Gut bewertete Fahrer

"Wir alle wünschen uns, wir könnten an mehreren Orten gleichzeitig sein. Aber bis dahin kann Uber Familien mit der Logistik helfen", heißt es in einer Presseaussendung zum Start des Teenager-Angebots in Seattle, Phoenix und Columbus. Uber richtet sich damit an berufstätige oder anders vielbeschäftigte Eltern und verspricht, den Nachwuchs sicher an ihre Ziele zu bringen. Für den Teenager-Dienst sollen nur Fahrer herangezogen werden, die durchgehend hohe Bewertungen von Uber-Kunden erhalten haben.

Umfassendes Tracking

Wie Mashable berichtet, erlaubt der Dienst den Eltern, ihre Kinder genau zu verfolgen. Sollte sich das Fahrtziel oder die berechnete Ankunftszeit während der Fahrt ändern, können sich Eltern von der Uber-App sofort benachrichtigen lassen. Ebenso benachrichtigt werden die Eltern, wenn der Jugendliche mehr als 1000 Meter vom geplanten Fahrtziel aussteigt.

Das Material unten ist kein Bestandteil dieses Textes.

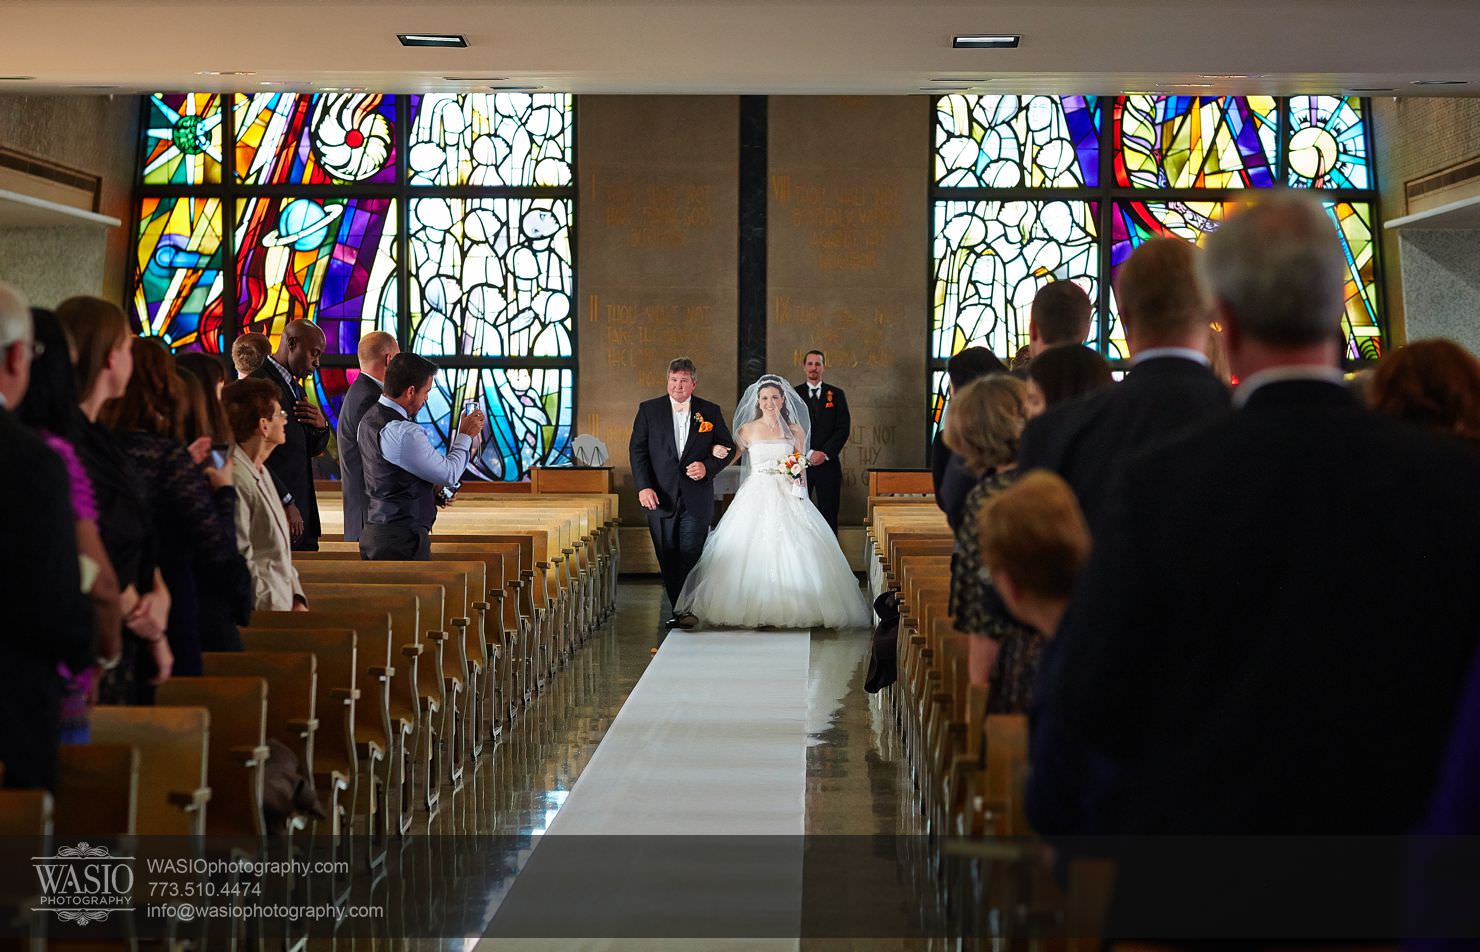 Rosemont-Fall-Wedding-Lauren-and-David-012 Rosemont Fall Wedding - Lauren + David

Auch nach dem Aussteigen erhalten die Eltern 20 Minuten lang die genaue Position des Smartphones ihres Teenagers in Echtzeit angezeigt.

Familienprofile

Um Teenagern die Benutzung von Uber zu ermöglichen, muss zunächst ein Familienprofil angelegt werden. Jeder Nutzer der Uber-App kann damit anderen Familienmitgliedern Fahrten ermöglichen, die dann über eine Zahlungsweise - etwa eine Kreditkarte - verrechnet werden. Unter den Familienprofilen können in den drei Testgebieten eigene Teenager-Profile angelegt werden.

Motive

Laut Uber sind mangelnde Transportoptionen der Hauptgrund dafür, dass Teenager nicht an bestimmten außerschulischen Aktivitäten teilnehmen können. Wie Mashable anmerkt, hat Uber allerdings auch ein Interesse, diverse schlechte Nachrichten mit Neuerungen vergessen zu machen. Firmenchef Travis Kalanick steht aktuell sehr unter Druck. Der Verwaltungsrat hält ihm noch den Rücken frei.